YA readers, you’re in for a treat this week. Carrie Jones’ new SFF series kicks off with a cheerleader-turned-alien-hunter. Seventeen-year-old Mana’s life has always seemed pretty normal, but things turn completely upside down when her mom is kidnapped by aliens. It turns out that her mom is an alien hunter and has a piece of technology that the aliens would do anything to get their hands on. Meanwhile, Mana doesn’t care about anything but getting her mom back. Thankfully, she has help on her rescue mission: her best friend Lyle and her mom’s alien-hunting partner. Hilarious and action-packed, this novel is sure to be the perfect summer read.

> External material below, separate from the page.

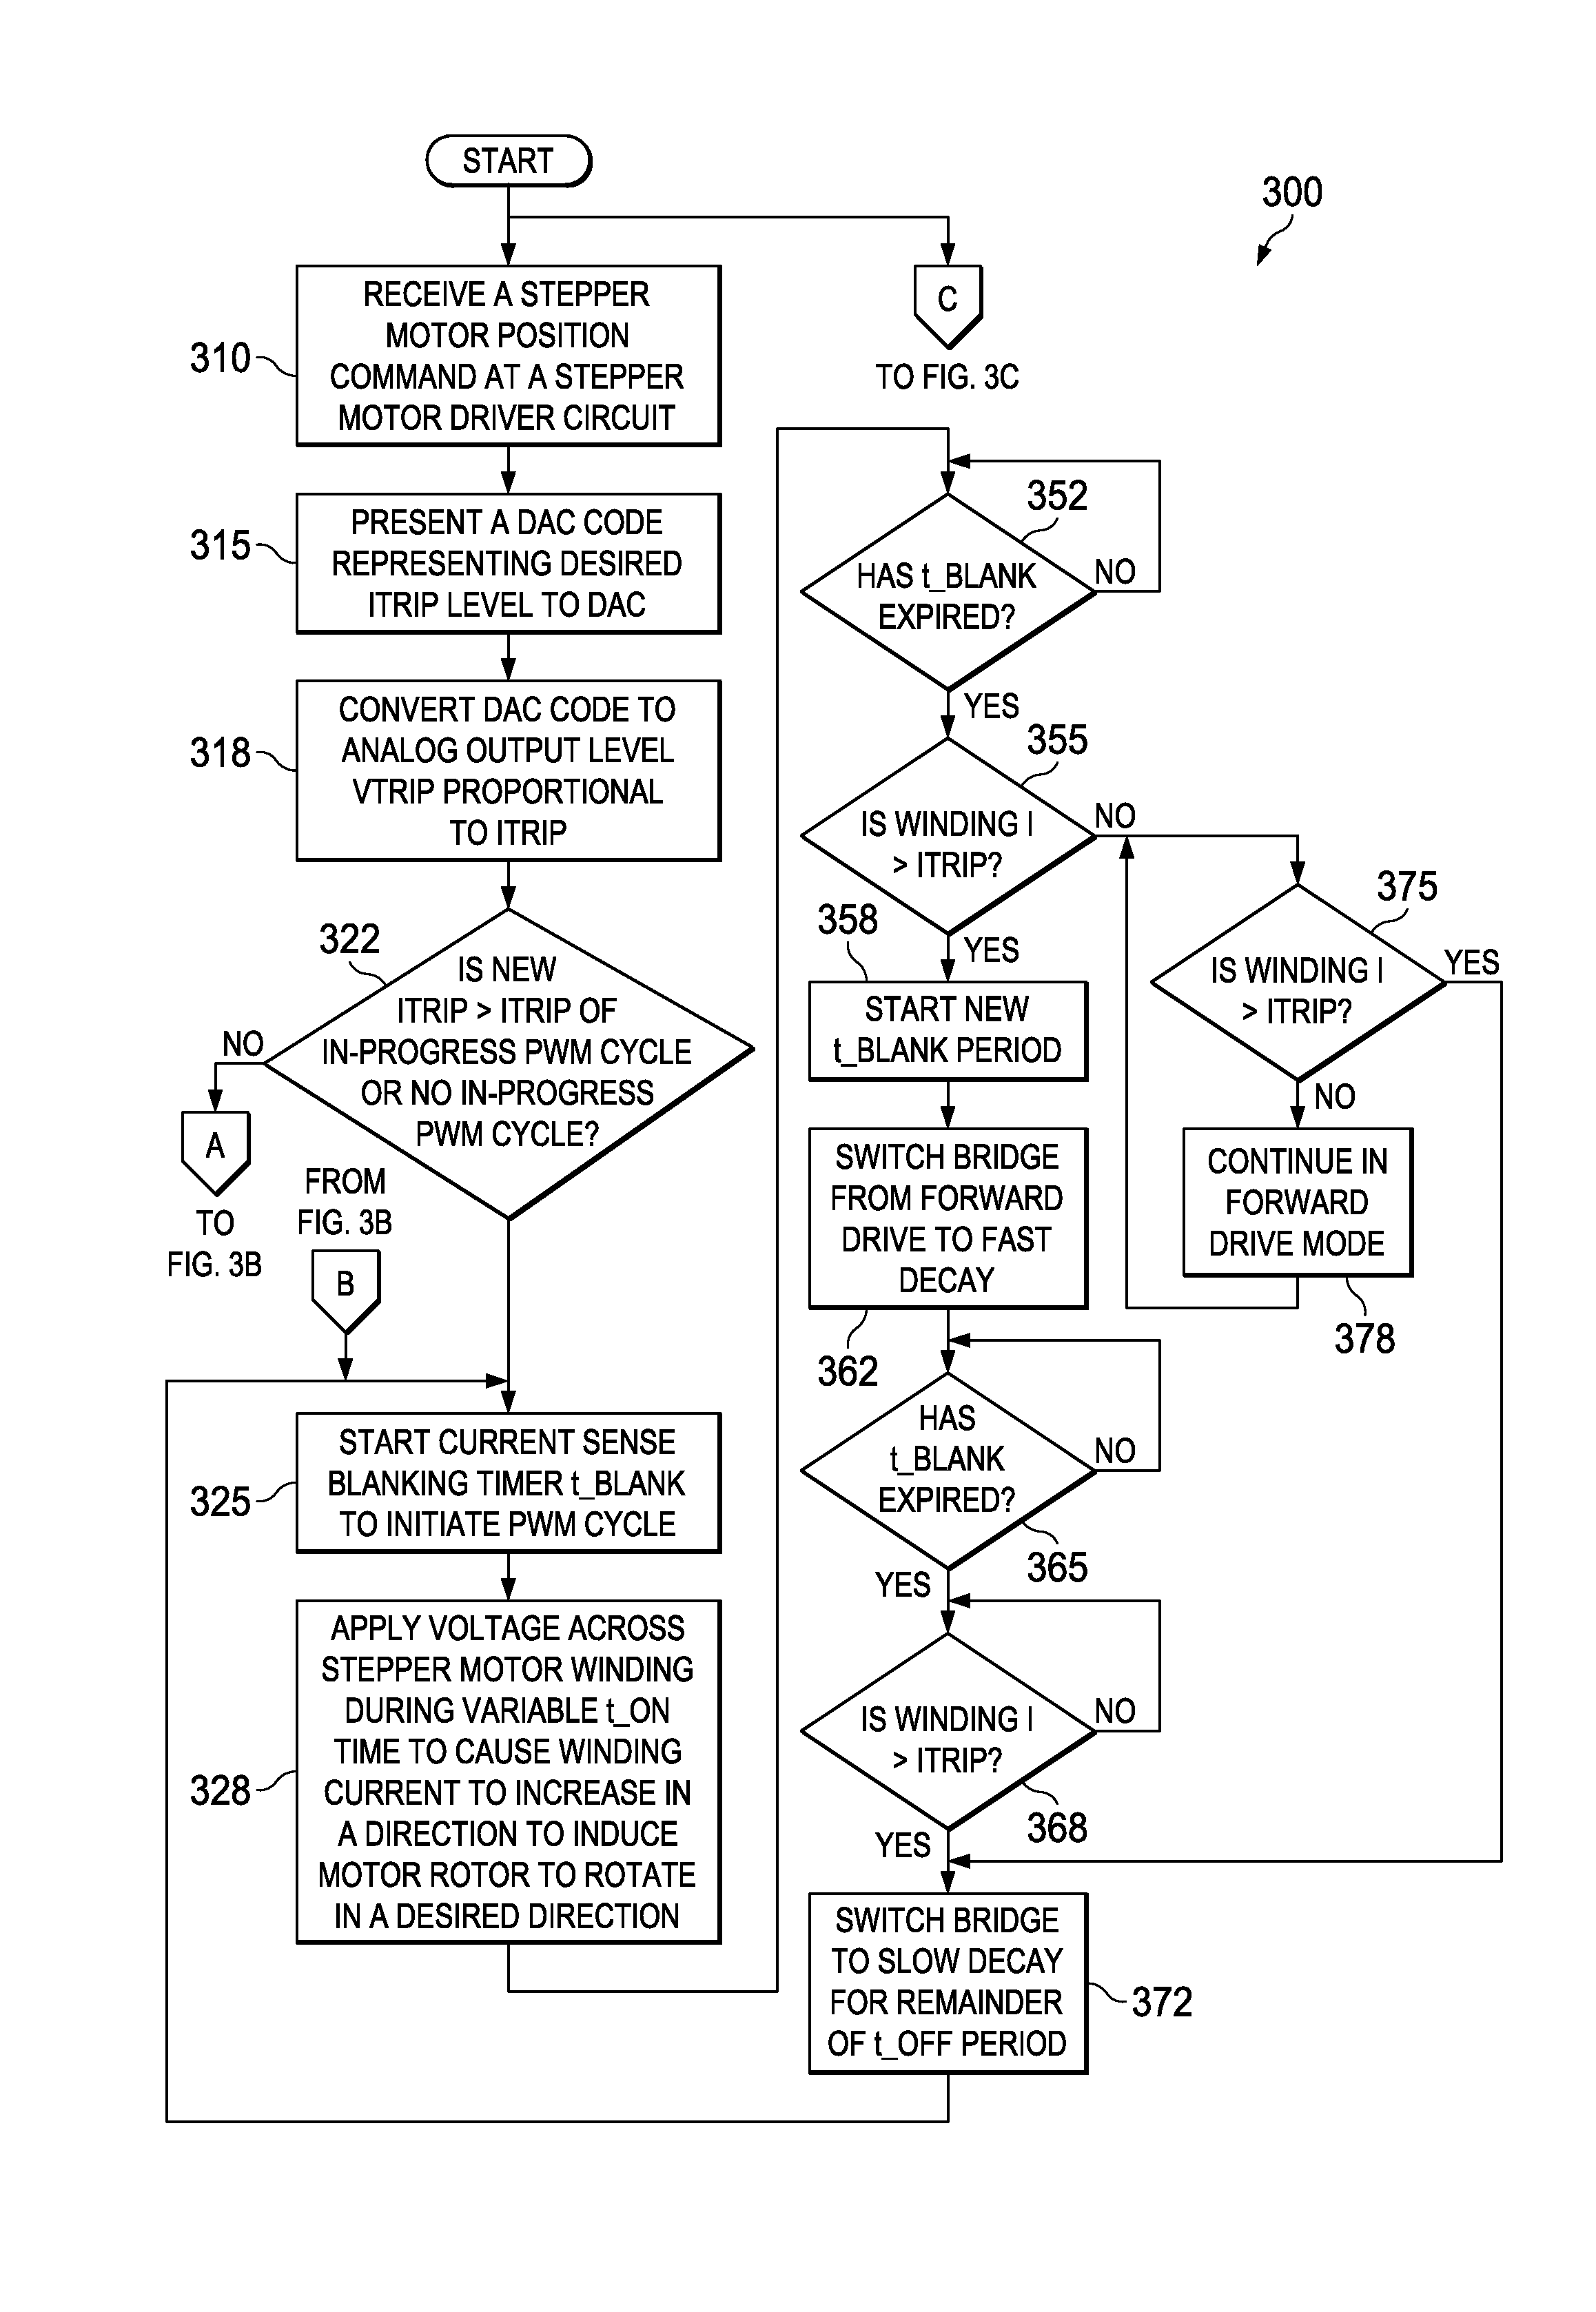 Dynamic mixed-mode current decay apparatus and methods

Middle grade readers addicted to Pokémon GO will devour this story about a boy whose real life begins to resemble the video games that he loves to play. Ted Gerson is obsessed with locked-room games, and he’s pretty good at solving them too. These skills come in handy when his great-uncle dies and leaves Ted the contents of his apartment, including a hidden treasure. When Ted arrives at the house, he finds the rooms are set up in the style of the games that he loves. With the help of two friends, he starts to work to solve the puzzles left behind, moving from room to room and find the hidden fortune! But they better act fast, because they aren’t the only ones hunting for what Ted’s great-uncle left behind.
Maria Gianferrari introduces young readers to the mysterious and nocturnal coyotes in this picture book illustrated by Bagram Ibatoulline. Readers follow along as a mother coyote leaves the safety of her cozy den to hunt for food. She wanders through a suburban town; her bright eyes wide and searching for a meal that will feed her and her pups. After a few failed attempts at catching prey, the coyote finds an unsuspecting turkey and pounces. Readers fascinated by wild animals and the circle of life are sure to adore this remarkable and educational book.